A few days after the outdoor apparel brand Arc’teryx opened a new location in New York City last November, a man stopped by in need of a jacket repair. He was from Massachusetts, and had been ski touring in the Berkshires with the same Arc’teryx coat for more than 10 years. “It was just completely shredded,” said Adam Grossman, the store manager. “I told him I’d do what I could.”
The store housed Arc’teryx’s first in-store repair center, outfitted with two large work tables and drawers full of zippers, patches, and cords. There was a heat press for applying GORE-TEX patches to jackets, a depiller to remove fuzz from sweatshirts, and a machine that shot out water to test waterproof jackets.

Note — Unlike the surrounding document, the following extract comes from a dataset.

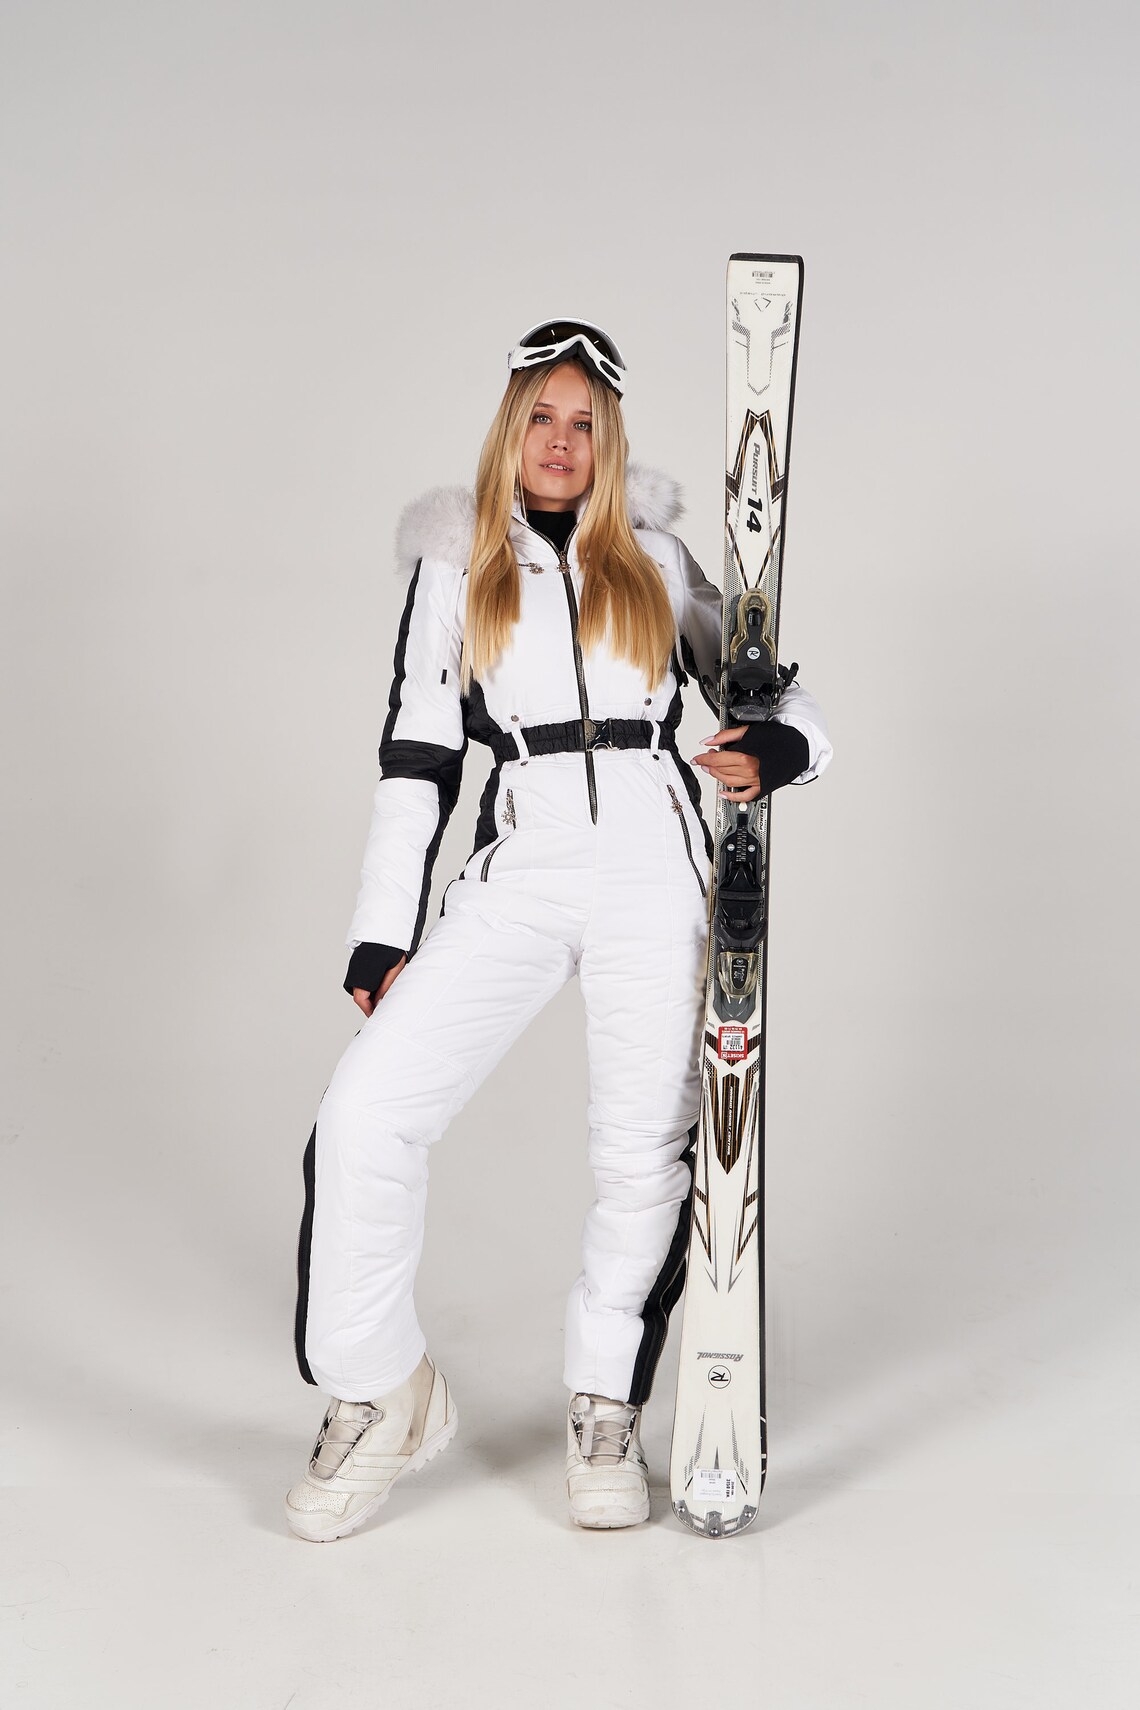 Women Ski jumpsuit white with black insert Ski overall bright | Etsy

Across from the repair space stood another first: a used gear section, where dozens of pre-owned, cleaned, and sometimes refurbished pieces of Arc’teryx apparel hung neatly on racks. An Arc’teryx jacket can run you $1,000, but these items were about a third of their original price. Grossman showed the customer a used coat with a much more durable fabric than the one he had, and the man bought it. The man was delighted, he told Grossman. For environmental reasons, he only bought secondhand.
The customer’s reluctance to buy a brand-new jacket makes sense. Beyond the sheer cost of replacing items, the fashion industry’s environmental footprint is staggering. CO2 emissions from textile production topped 2.1 billion tons in 2018, more than the emissions of France, Germany, and the UK combined. A McKinsey analysis found that the fashion industry would need to cut emissions in half by 2030 to align with the Paris Agreement goal of limiting global warming to 1.5 degrees Celsius. Textile production – including cotton farming – uses about 93 billion cubic meters of water a year, and utilizes harmful pesticides and chemicals.
The industry’s outsized impact has grown in tandem with the rise of fast fashion. Retailers like H&M, Zara, and Shein release new items at lightning speed and sell them at prices that are cheap enough that people can constantly refresh their wardrobes. McKinsey found that annual clothing production exceeded 100 billion garments in 2014, more than double what it was at the start of the millennium. Consumers are also keeping their clothes for half as long, according to the report, discarding some pieces after seven or eight wears.